Yes. URLs that return HTTP errors (404, 500, etc.) or fail after retries are still charged because the Actor had to make a request to discover the error. However, you receive an error item in your dataset with the error code and message, so you know exactly what happened.

#### How can I control costs?

- Set a **maximum spending limit** in the Apify Console before running
- Use the `maxRequestsPerCrawl` input to limit the number of pages processed
- Remove duplicate URLs from your input list before running
- Set `maxRequestRetries` to 0 if you don't want failed requests to be retried

### Legal Disclaimer

#### ⚠️ Important Legal Notice

This tool is provided for educational and research purposes only. By using this SEO Data Extractor, you agree to:

- **Comply with all applicable laws**: You are solely responsible for ensuring your use of this tool complies with local, national, and international laws, including copyright laws, data protection regulations (such as GDPR, CCPA), and terms of service of target websites.

- **Respect website terms of service**: Many websites prohibit automated scraping in their terms of service. You must review and comply with each website's terms before using this tool.

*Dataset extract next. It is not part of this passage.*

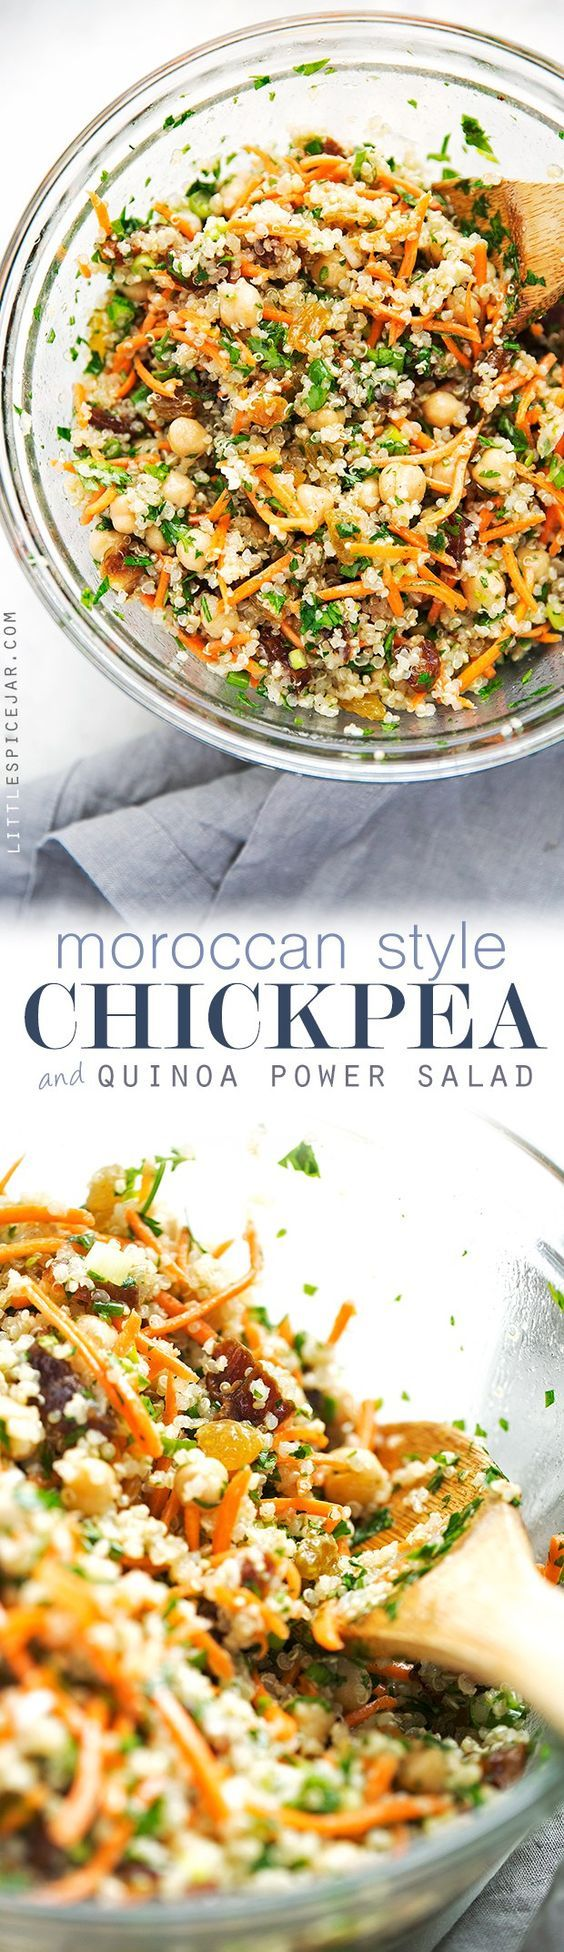 moroccan chickpea quinoa power salad with figs & golden raisins

- **Respect robots.txt**: This tool does not automatically check or respect robots.txt files. You are responsible for checking and honoring robots.txt directives.

- **Rate limiting and ethical use**: Use reasonable request rates and respect website operators. Excessive requests may constitute a denial-of-service attack.

- **Data privacy compliance**: Ensure your data collection and processing activities comply with privacy laws. Do not collect personal data without proper consent and legal basis.

- **No warranties**: This tool is provided "as is" without warranties of any kind. The authors are not responsible for any damages or legal consequences arising from its use.

- **Use at your own risk**: You assume all risks associated with using this tool. The authors disclaim all liability for any direct, indirect, incidental, or consequential damages.

**Before using this tool, consult with legal counsel to ensure compliance with applicable laws and regulations.**

# Actor input Schema

## `startUrls` (type: `array`):

List of URLs to extract SEO data from. Can be 1 to 100,000+ pages.

## `extractSitemapUrls` (type: `boolean`):

When enabled, automatically discovers and extracts all URLs from the website's sitemap.xml. The sitemap is detected from the first URL's domain.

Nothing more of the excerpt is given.